Mashable had a great post today about organizations needing to have social media policies. 

This is applicable not only to how employees use social media tools like Linkedin, Twitter and Facebook but also how they respond to questions put to them by bloggers, citizen journalists or even their friends with Twitter accounts.

In the past, I have been the one who needed to enforce organizational policy on “all calls must go to media relations.” (A policy not everyone is always thrilled about, but which in a large organization has several benefits. These include keeping everyone updated with current information and not having several people respond to the same call thereby wasting scarce resources.)

Now as a communications consultant, I need to help clients understand that with social media the rules have changed–we’re no longer waiting by the phone for media calls or an occasional e-mail query. It’s all media all the time. As Shel Holtz says in this presentation on crisis communications, anyone with a cell phone these days could be a “photojournalist,” (without perhaps the contextualizing skills of a trained, professional journalist).  Staff need to be informed and trained how to respond to people who are eager to “twitter” the latest news on your organization. Policies help to make their role clearer.
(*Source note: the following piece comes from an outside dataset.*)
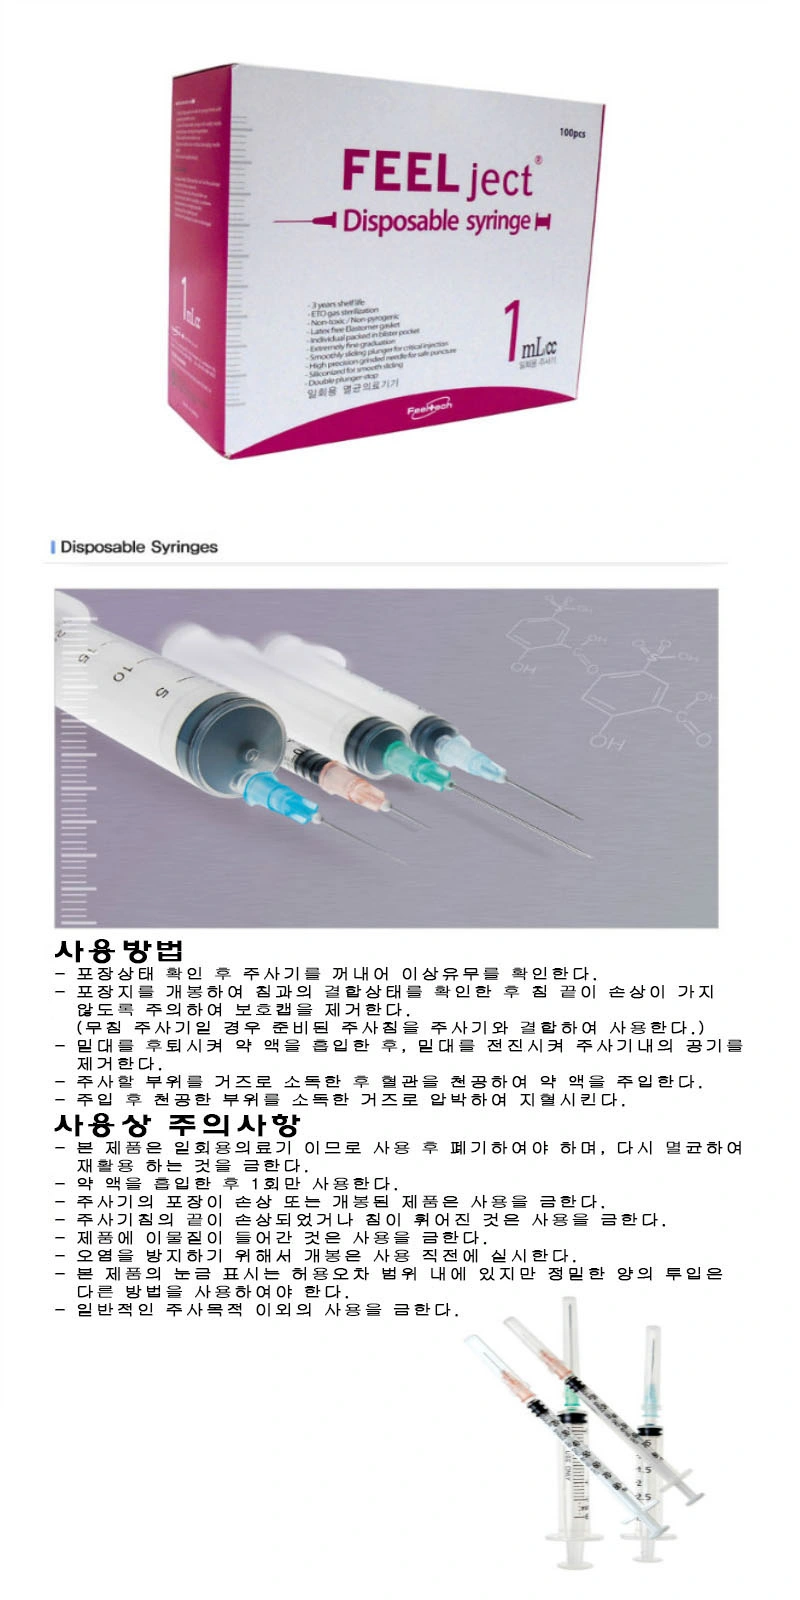 Wholesale Disposable 1ml Syringe with Needle 26g 27g Vaccine Syringe

Not that this is a totally new phenomenon. Even back when there was only traditional media, company employees frequently presented at conferences where media was present. When the presenters were questioned during or after the talks, they could not just refer the media to the official spokesperson back at head office. They would speak to their area of expertise but knew what bigger questions they could not answer accurately and authoritatively.

Social media opens up these opportunities for public discourse that much more. 

A recent example of how this was handled effectively was when there were rumours spreading online about a controversial vote to take place at Mountain Equipment Co-op’s annual general meeting in Canada. I called to find out the facts and was expecting to be put on hold and referred to the company spokesperson. Instead the customer service reps provided me with the information I was looking for, and when they didn’t know the answer to a question, they put me on hold briefly, went and found out and gave it to me straight. I was impressed with how well the company equipped their front-liners with the information and the freedom the staff had been given (or taken perhaps?) to be candid and up-front with callers. Good job MEC.

What do you think?  Have  you trained your staff on how to deal with social media? Have you revised your old media policies?  Any hard learned lessons you’d like to share?  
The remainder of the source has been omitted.